Sebastian Hassinger 1:00:19
gave away the secrets.
Scott Aaronson 1:00:23
That one is obviously find it anyway. Right. But, I mean, you know, so So, so what what you need, you know, seems to be, you know, to watermark on a more conceptual level, right? And, you know, or, you know, or you could say, Look, you know, you know, you know, we're just going to use watermarking, as sort of one component of, you know, like, like, what, what we can do is, we can push the rate of false positives, you know, almost all the way to zero. So we can say, the watermark is there, then the student cheated.
Kevin Rowney 1:01:01
Yes.
Scott Aaronson 1:01:04
Yeah.
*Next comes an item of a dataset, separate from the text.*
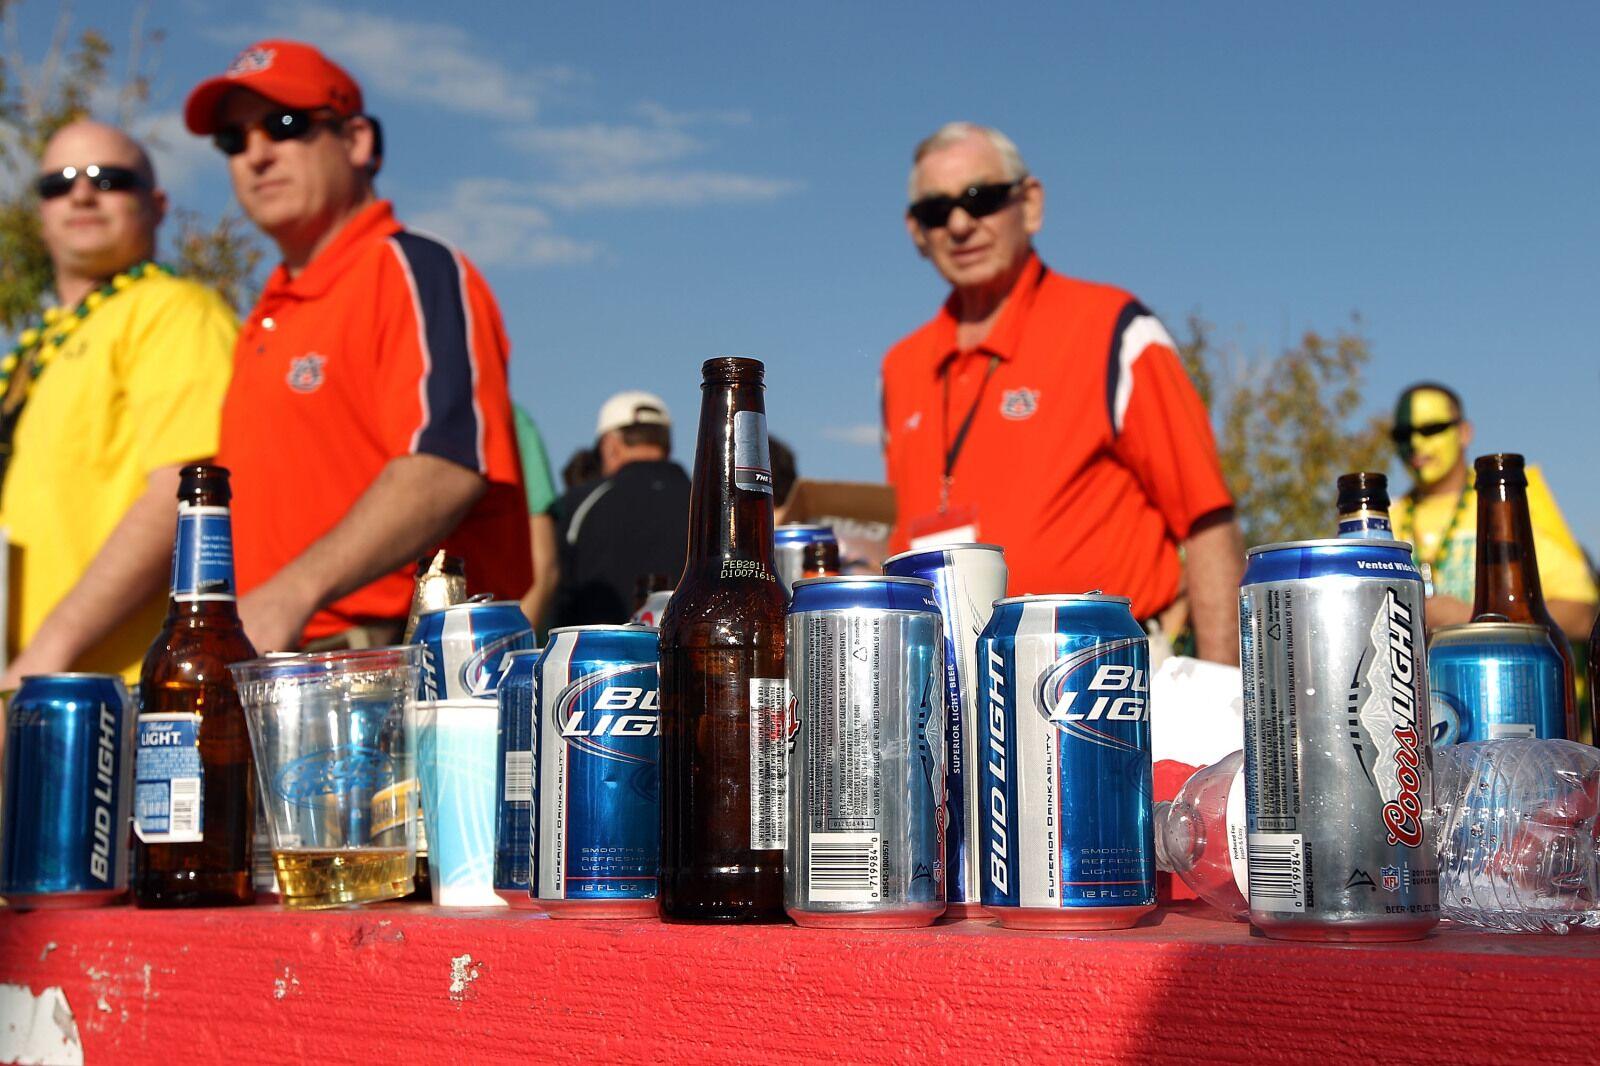 Florida Gators' fans may soon buy alcohol at games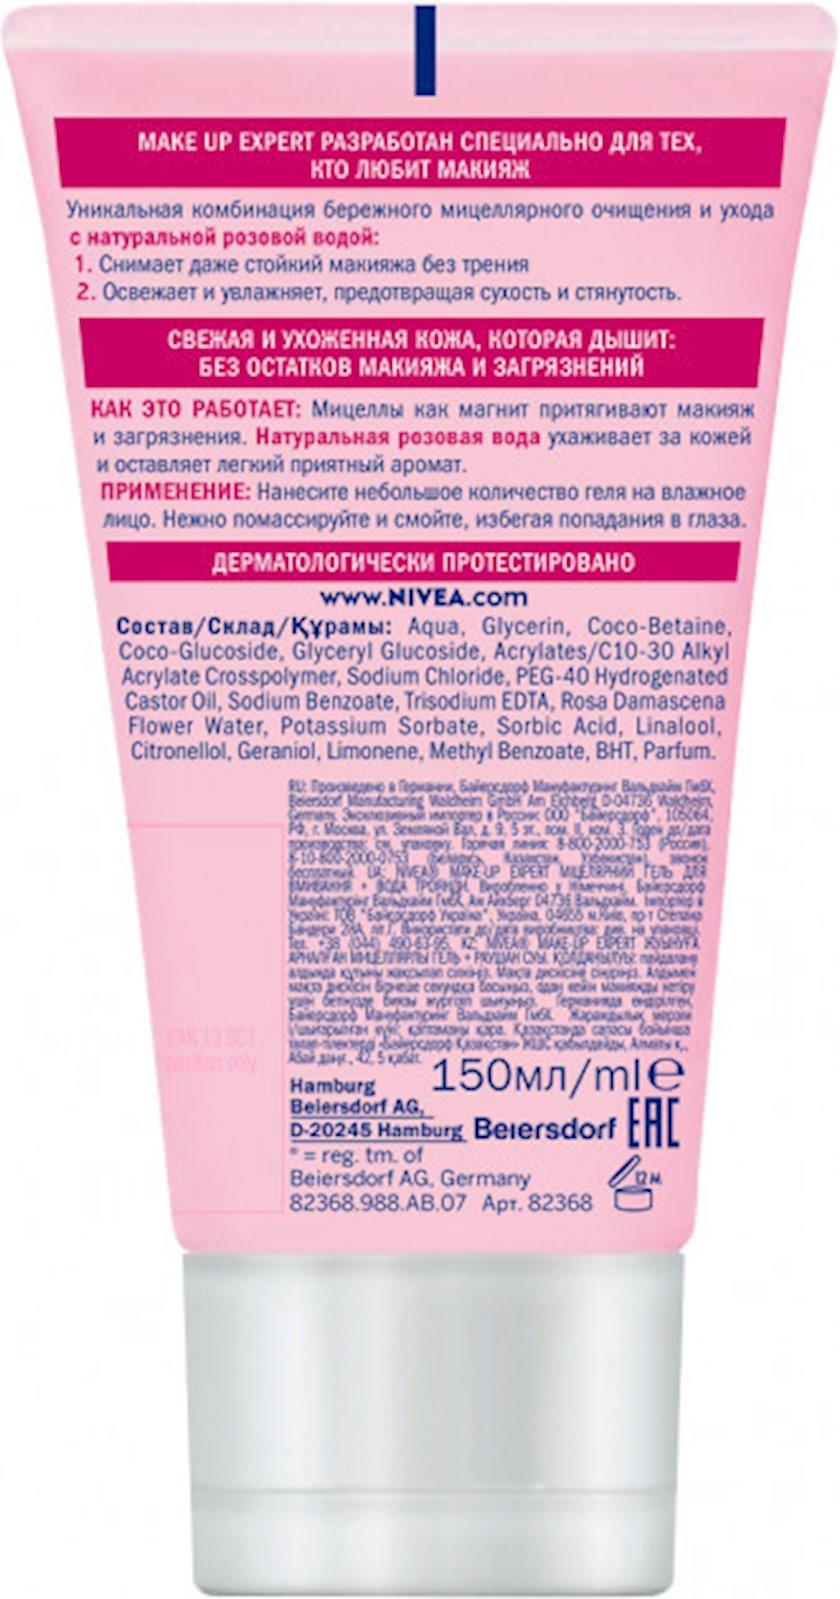 Misellyar gel Nivea up Expert + çəhrayı gül suyu üz və dodaqlar üçün makyaj təmizləyicisi, 150 ml

And that might be enough to catch, you know, a large percentage of cheaters in practice. But, but I think that ultimately, you know, there will be some cat and mouse game, you know, to stay ahead of people misusing these tools, you know, just like with Google against all the people doing search engine optimization,
Sebastian Hassinger 1:01:25
are you planning to change your exam at all for next year?
Scott Aaronson 1:01:29
Well, it'll be an in class exam.
Sebastian Hassinger 1:01:32
So okay, yeah.
Scott Aaronson 1:01:34
But, you know, I mean, I mean, in some cat and mouse games, there was really not much to do except just try to be a better cat, you know,
Kevin Rowney 1:01:42
just keep playing. Right. Yeah, exactly. Exactly. So.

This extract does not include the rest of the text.